DATA FOR PROCESSING -
★ ★ ★
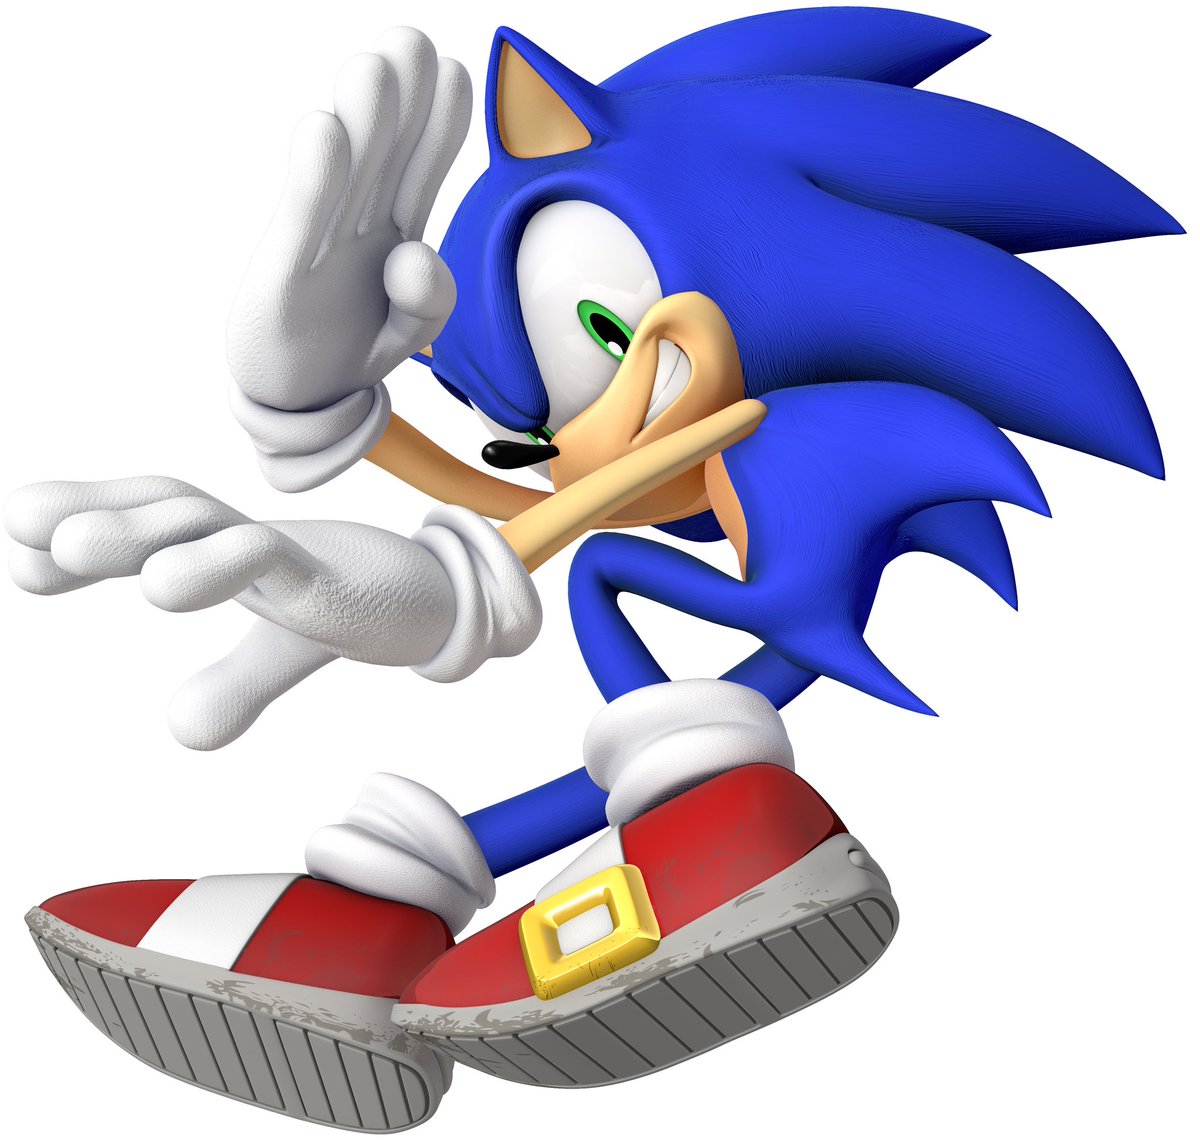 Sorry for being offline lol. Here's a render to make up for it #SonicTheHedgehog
★ ★ ★
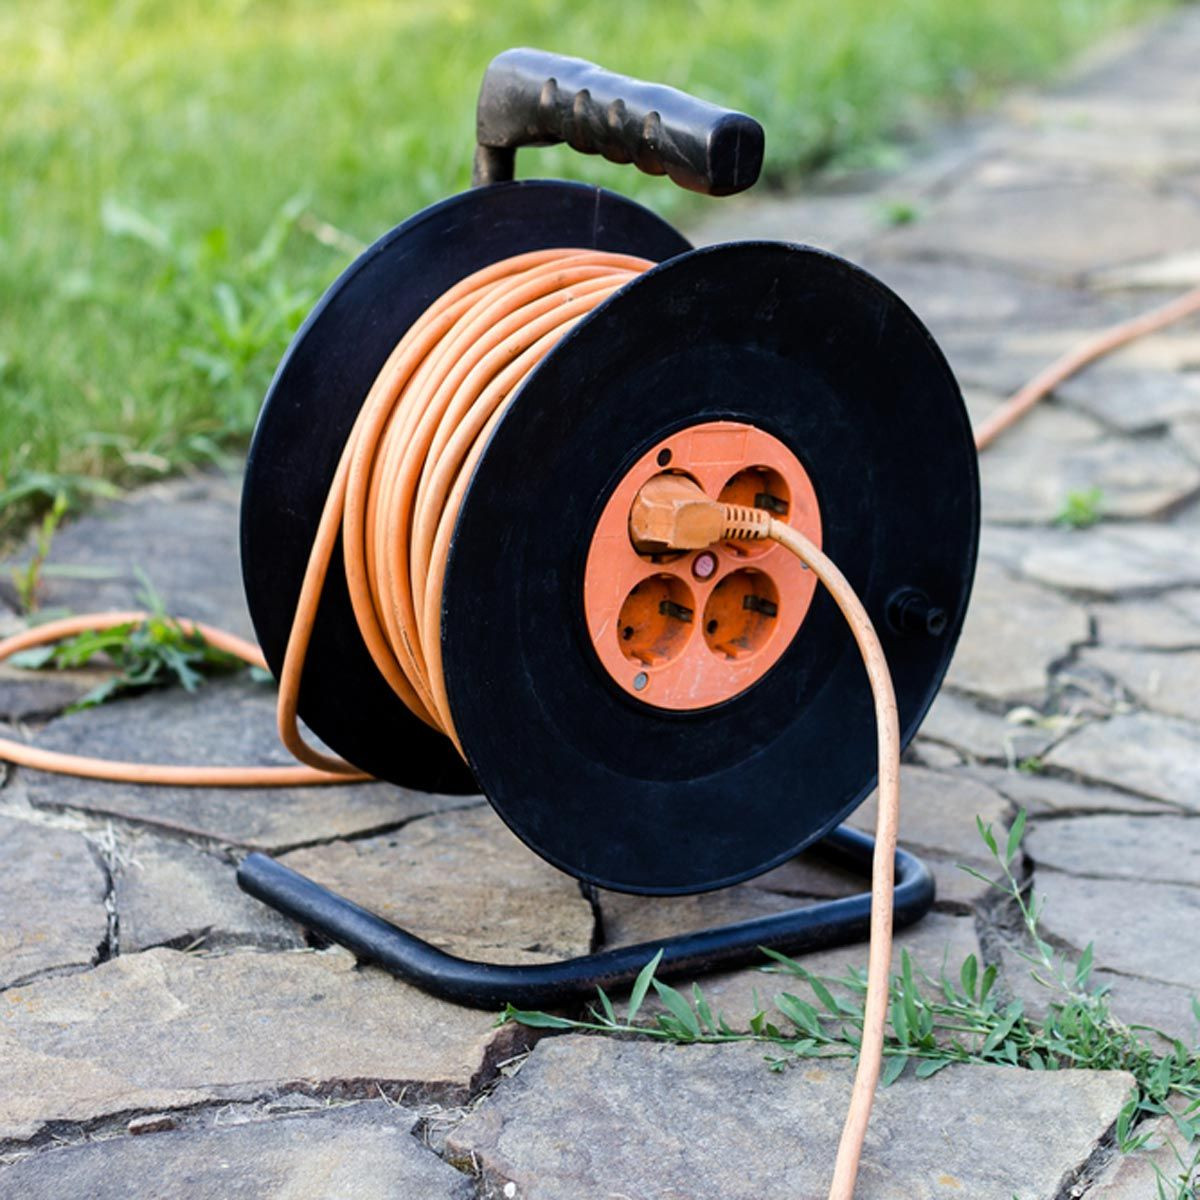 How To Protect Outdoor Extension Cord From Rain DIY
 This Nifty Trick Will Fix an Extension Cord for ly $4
★ ★ ★
THE TASK - Please return the data above exactly as it stands from the line with "How To Protect" to the line with "This Nifty Trick", keeping both of those lines but none of the pictures.

OUTPUT OF THE TASK -
 How To Protect Outdoor Extension Cord From Rain DIY
 This Nifty Trick Will Fix an Extension Cord for ly $4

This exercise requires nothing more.